ROMA, martedì, 31 gennaio 2012 (ZENIT.org) – La macchina danneggiata e una testa di maiale mozzata, con un bavaglio in bocca, davanti la soglia della sua abitazione. Sono le gravi intimidazioni subite, nei giorni scorsi, da don Ennio Stamìle, parroco di Cetraro, in provincia di Cosenza, da parte della ‘ndrangheta.
“Non sono né un prete-antimafia, né un eroe.
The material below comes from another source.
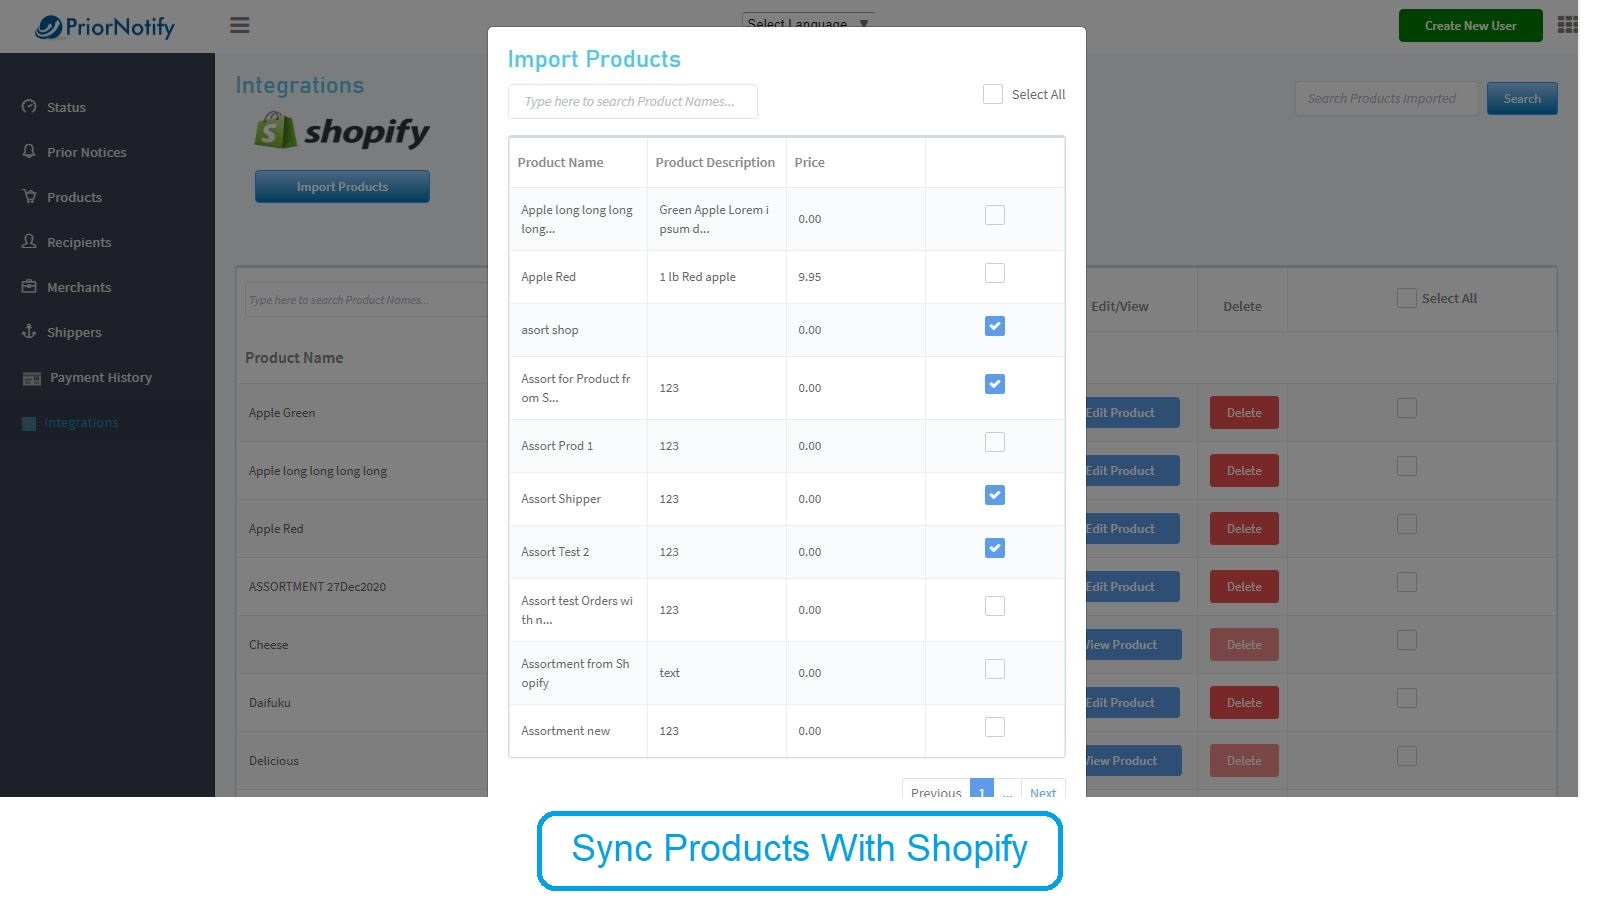 Sync your products with Shopify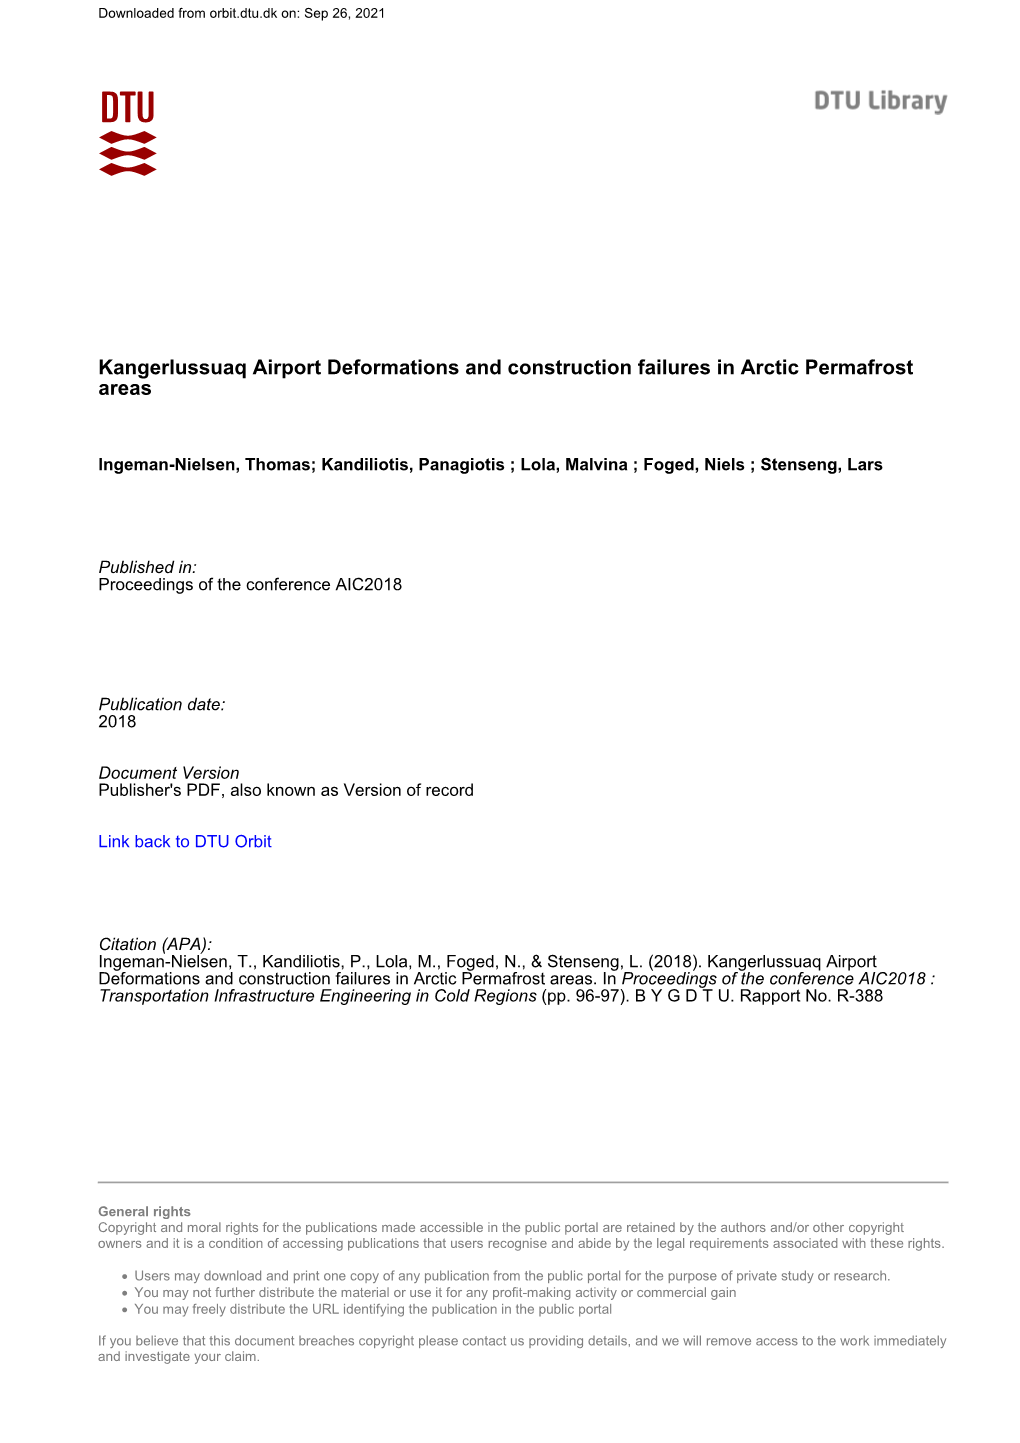 Kangerlussuaq Airport Deformations and Construction Failures in Arctic Permafrost Areas

Sono solo un sacerdote che fa il proprio dovere: di fronte al male non possiamo tacere”, ha commentato lo stesso parroco in un’intervista alla Radio Vaticana.
“Queste due intimidazioni o minacce sono semplicemente una reazione alla nostra azione pastorale che a volte deve assumere anche i toni della denuncia, come tra l’altro ci insegna il magistero sociale della Chiesa”, ha dichiarato don Stamìle, in riferimento alla Solicitudo rei socialis di Giovanni Paolo II, che suggerisce come la denuncia faccia parte dell’azione profetica di un presbitero.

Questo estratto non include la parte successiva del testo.